Please join us and sign up via the link below or via this link if the embed below doesn’t work for you. Look forward to meeting many of you there.
Second quick plug: I updated our ‘Hot Box’ with some other content I’ve been enjoying across the interwebs, some climate, sustainability, and energy-related, some simply stimulating in other veins. Check it out here! (and in case you don’t know what the ‘Hot Box’ is, well, a) check it out and b) it’s functionally a place for me to regularly share additional curated information that I think is worth your time in a non-email format.
Beyond that, here’s all that caught my eye in energy and sustainability circles last week:
ONE STORY IN A SENTENCE AND A CHART
• It’s not just light-duty road transport, the electric semis are coming, too: In China, more heavy electric trucks were sold in H1 of this year than in all of 2024. Link.

NEWS, DATA, AND HEADLINES
• China installed 256 GW of solar capacity in the first half of 2025, more than twice what the rest of the world combined installed (124 GW). It also drove 164% year-over-year growth in battery energy storage project registrations, adding 139.6 GWh of storage in July alone. Link. Link.

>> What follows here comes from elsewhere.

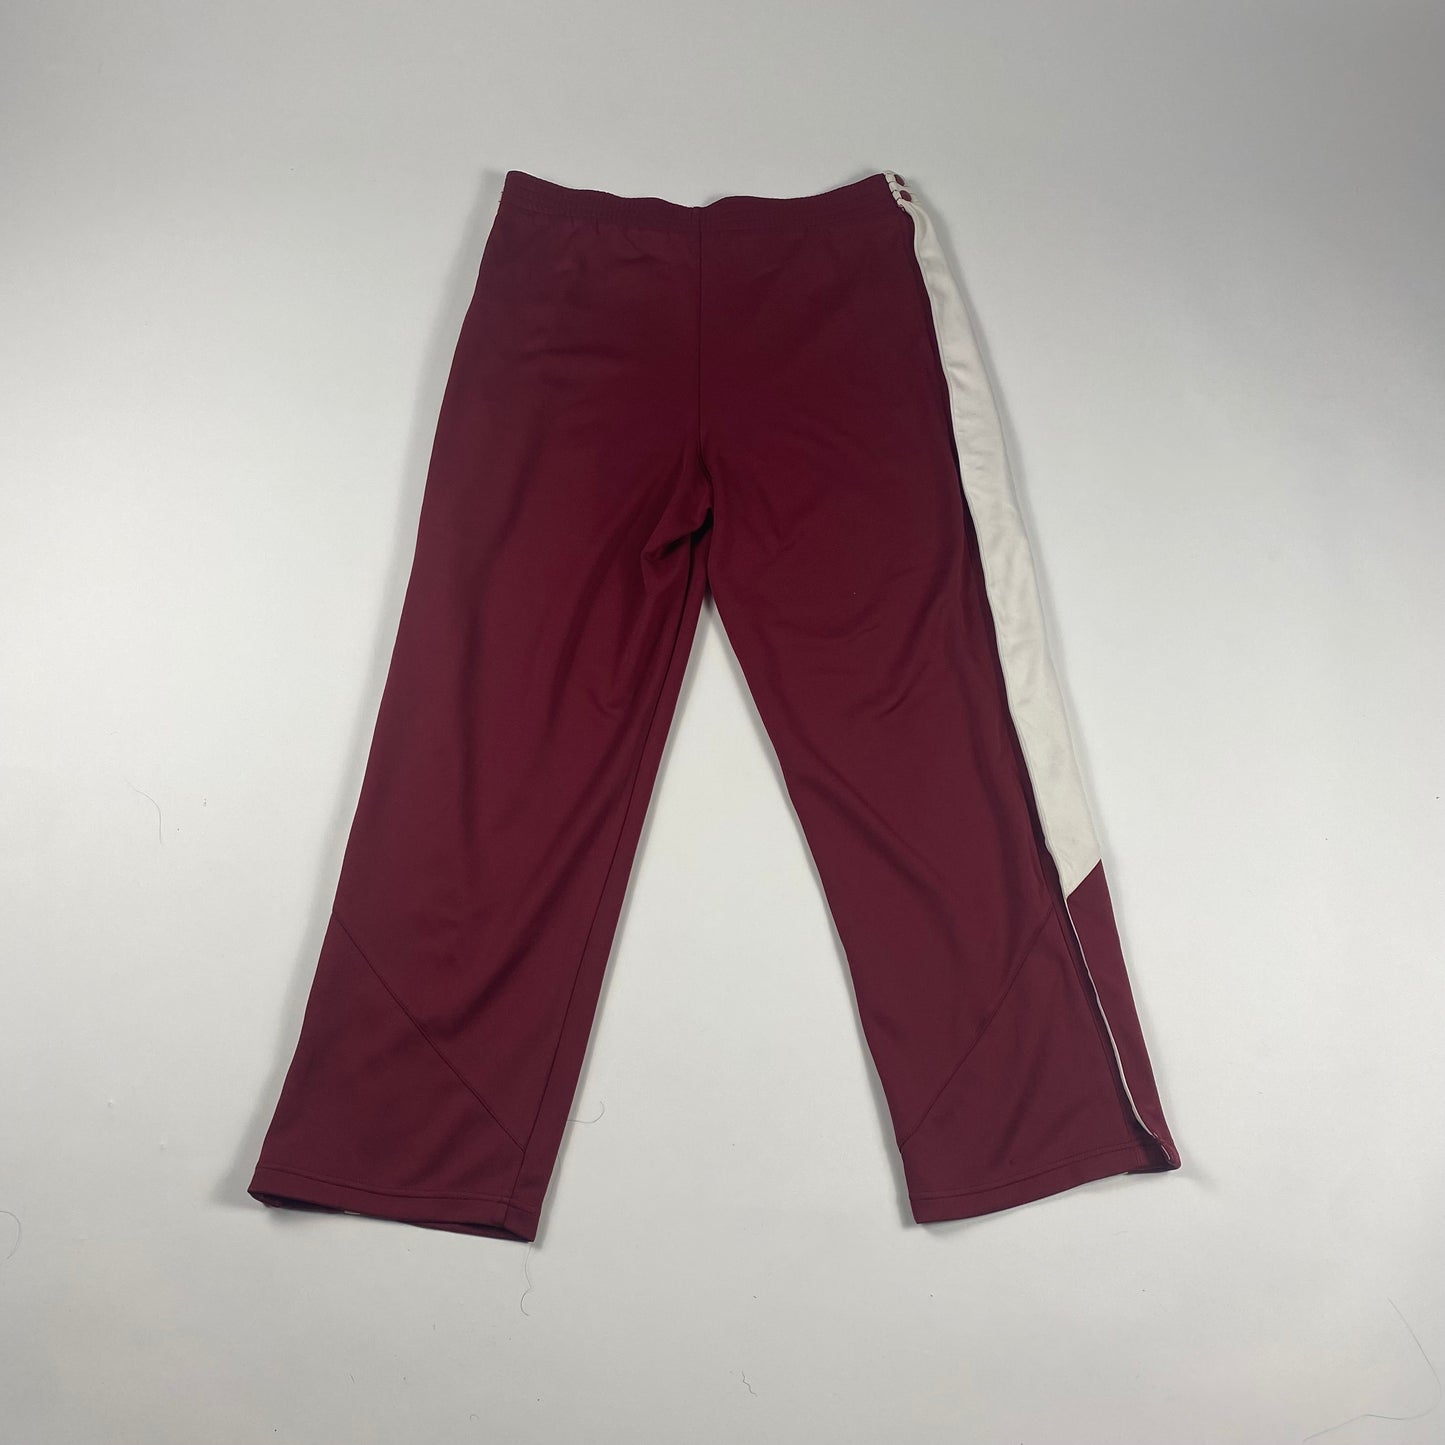 Team Issued Florida State Nike Warm Up Pants (L)

• Somewhat surprisingly, BYD reported a 30% drop in quarterly profit, its first decline in over three years, as price wars in China's EV market intensify. This profit turn down comes despite the company's robust overseas sales growth, including ~50% growth in markets like Brazil, Australia, and Europe. Link.
• Another one bites the dust: Natron Energy announced it is shutting down operations and won’t build its previously planned $1.4 billion sodium-ion battery factory in North Carolina, adding to the growing list of clean tech manufacturing cancellations in the United States. The company had raised more than $370 million, including a recent $55 million Series F-II round completed just five months ago in April. Building domestic manufacturing supply chains is hard! Link. Link.

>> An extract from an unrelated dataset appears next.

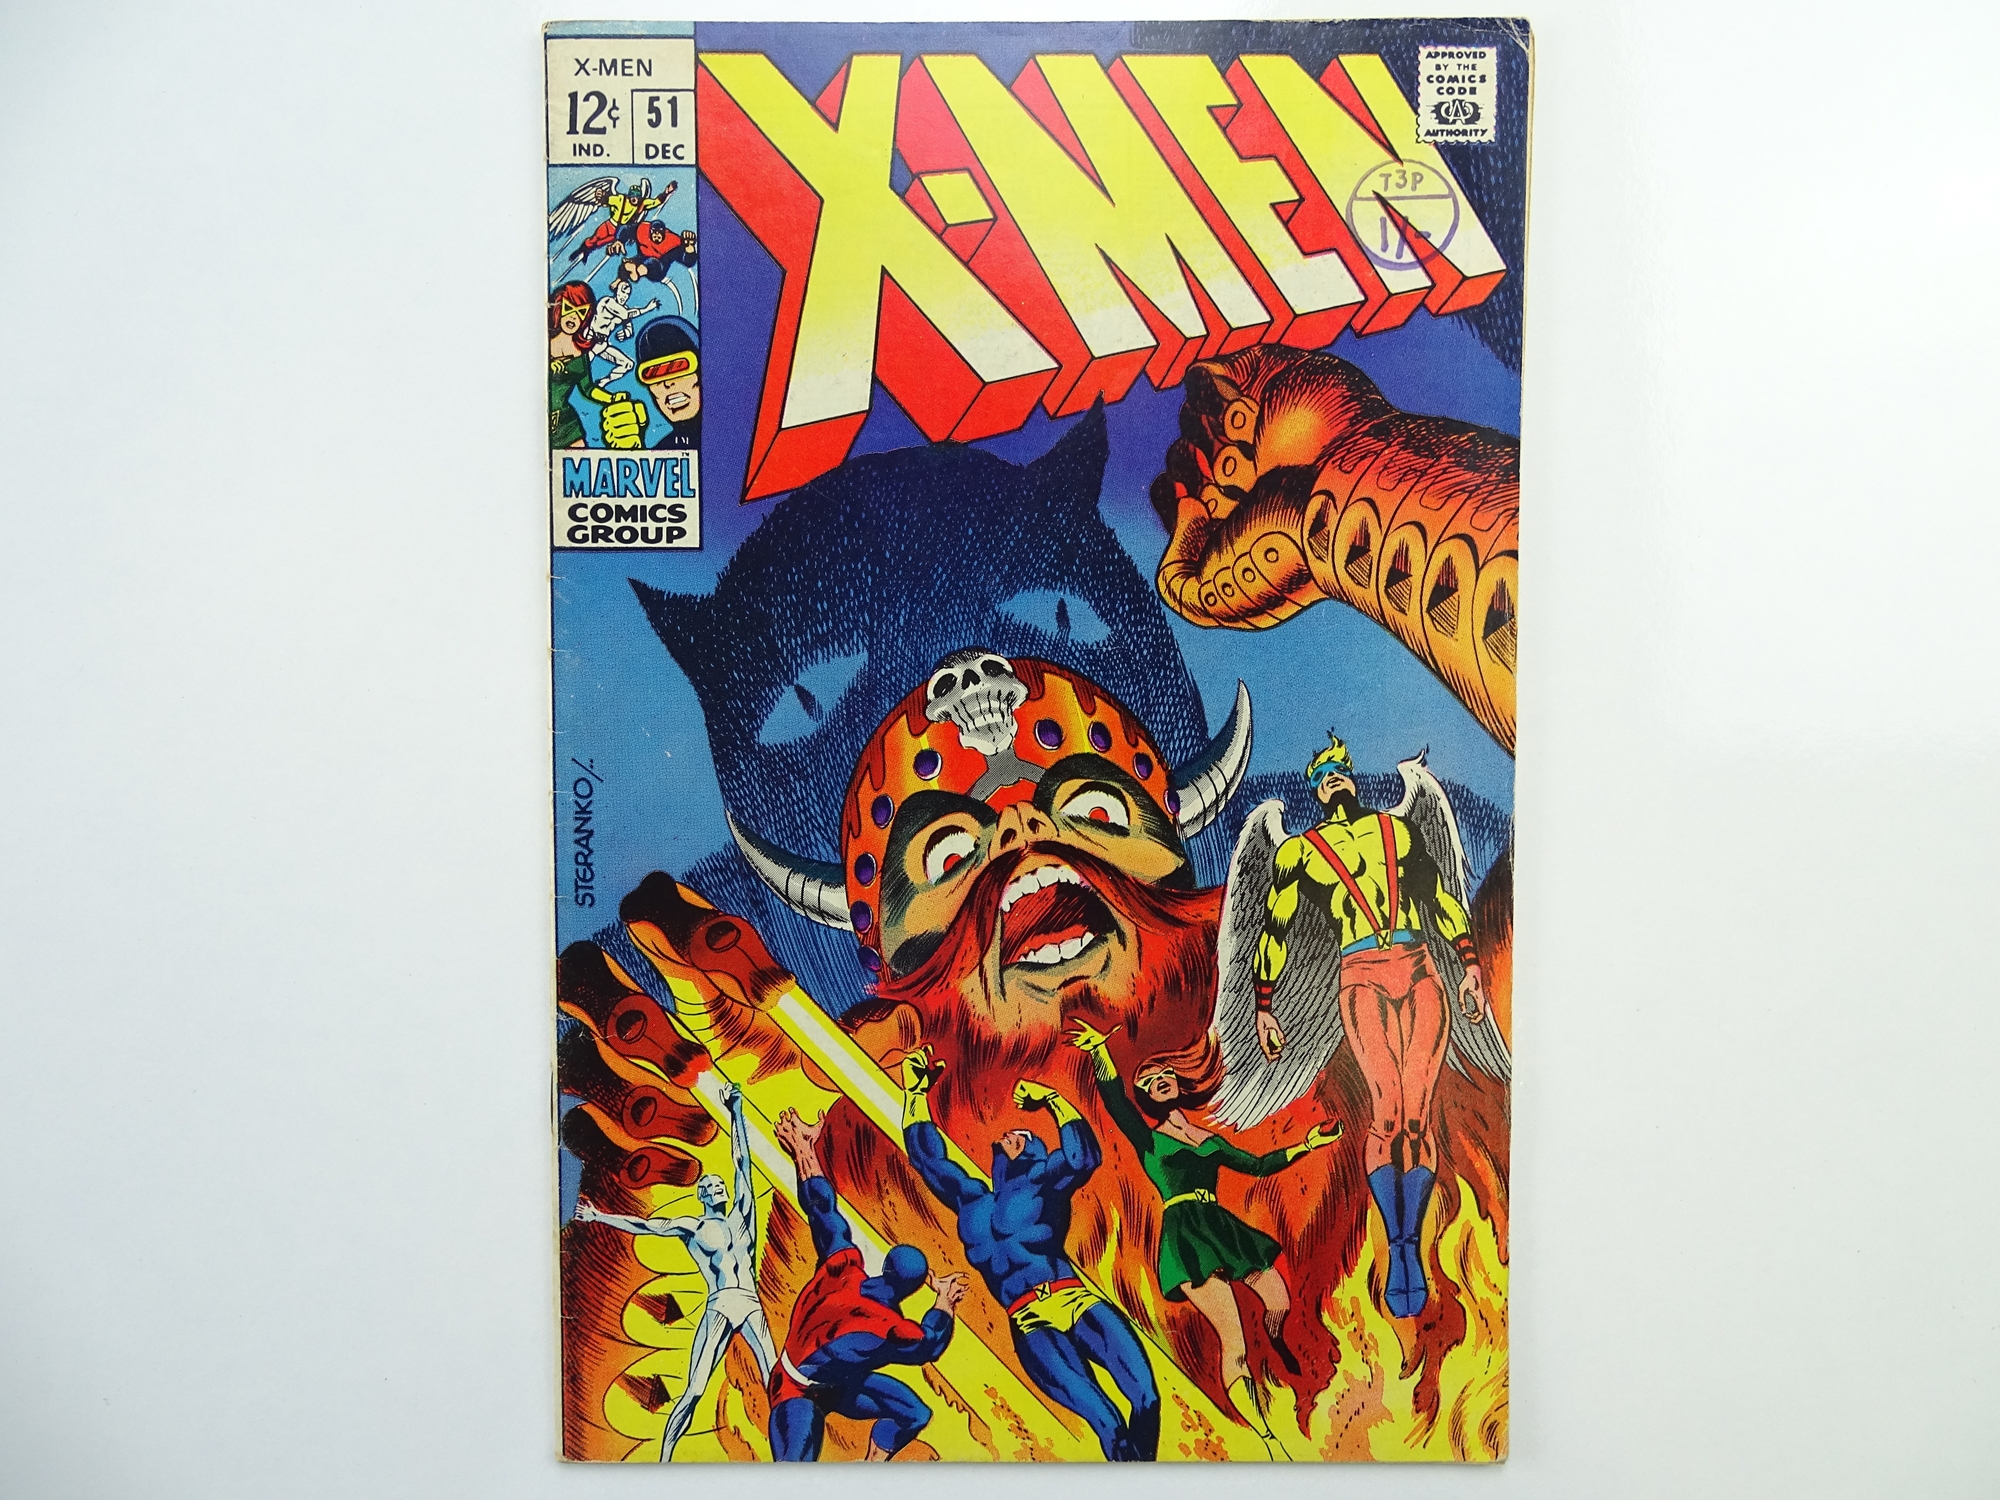 UNCANNY X-MEN # 51 - (1968 - MARVEL - Cents Copy with Pence Stamp) - First appearance (cameo) of

• A federal appeals court ruled 2-1 that the EPA can legally cancel $20 billion in Greenhouse Gas Reduction Fund grants to nonprofits issued under the Inflation Reduction Act, though recipients can seek damages in federal claims court. Link.
• U.S. Immigration and Customs Enforcement detained 450 workers, including 30 South Koreans with valid visas, at the Hyundai-LG battery plant construction site in Georgia, potentially disrupting the state's largest industrial investment project. South Korea's foreign ministry expressed concern that Korean nationals' rights "must not be unjustly violated" during U.S. law enforcement after the Georgia battery plant raid, with the consulate forming a legal team including Korean American lawyers. As of Sunday, South Korea and the U.S. appear to have reached a deal to at least release the detained workers…Still, so much for making American manufacturing great again… Link. Link. Link.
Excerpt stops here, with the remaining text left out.